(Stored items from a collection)
--

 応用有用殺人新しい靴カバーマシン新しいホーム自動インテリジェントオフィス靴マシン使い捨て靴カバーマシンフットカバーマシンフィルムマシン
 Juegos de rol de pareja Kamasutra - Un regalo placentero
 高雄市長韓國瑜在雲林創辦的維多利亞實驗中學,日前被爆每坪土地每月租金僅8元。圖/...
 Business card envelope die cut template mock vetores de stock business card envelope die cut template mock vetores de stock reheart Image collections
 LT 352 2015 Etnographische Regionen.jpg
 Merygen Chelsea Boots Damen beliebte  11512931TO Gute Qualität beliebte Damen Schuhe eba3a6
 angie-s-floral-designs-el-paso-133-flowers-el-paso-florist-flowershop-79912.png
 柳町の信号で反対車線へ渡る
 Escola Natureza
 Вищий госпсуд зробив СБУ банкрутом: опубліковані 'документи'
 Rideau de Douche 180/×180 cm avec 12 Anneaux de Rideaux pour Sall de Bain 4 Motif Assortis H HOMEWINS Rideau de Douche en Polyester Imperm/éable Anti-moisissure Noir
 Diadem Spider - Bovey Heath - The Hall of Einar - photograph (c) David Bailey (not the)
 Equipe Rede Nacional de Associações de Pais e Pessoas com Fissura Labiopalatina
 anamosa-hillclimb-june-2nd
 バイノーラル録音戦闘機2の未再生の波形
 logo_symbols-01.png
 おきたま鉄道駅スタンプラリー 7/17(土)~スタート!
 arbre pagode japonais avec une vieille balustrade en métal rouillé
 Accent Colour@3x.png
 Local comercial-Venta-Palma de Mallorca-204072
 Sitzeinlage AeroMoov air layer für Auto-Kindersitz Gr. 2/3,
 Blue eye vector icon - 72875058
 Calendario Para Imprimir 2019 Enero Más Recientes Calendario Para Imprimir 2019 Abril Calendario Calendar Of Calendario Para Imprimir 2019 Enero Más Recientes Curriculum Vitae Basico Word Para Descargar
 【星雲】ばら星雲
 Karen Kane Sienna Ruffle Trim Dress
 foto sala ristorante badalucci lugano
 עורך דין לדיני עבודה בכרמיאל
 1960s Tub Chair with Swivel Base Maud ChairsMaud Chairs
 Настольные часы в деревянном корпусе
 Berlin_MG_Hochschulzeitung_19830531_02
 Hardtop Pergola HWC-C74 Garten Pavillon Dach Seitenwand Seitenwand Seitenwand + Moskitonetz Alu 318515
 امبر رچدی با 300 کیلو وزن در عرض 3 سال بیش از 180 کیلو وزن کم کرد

--

WHAT YOU SHOULD DO: Return every line above where "avec" appears.

SOLUTION:
 Rideau de Douche 180/×180 cm avec 12 Anneaux de Rideaux pour Sall de Bain 4 Motif Assortis H HOMEWINS Rideau de Douche en Polyester Imperm/éable Anti-moisissure Noir
 arbre pagode japonais avec une vieille balustrade en métal rouillé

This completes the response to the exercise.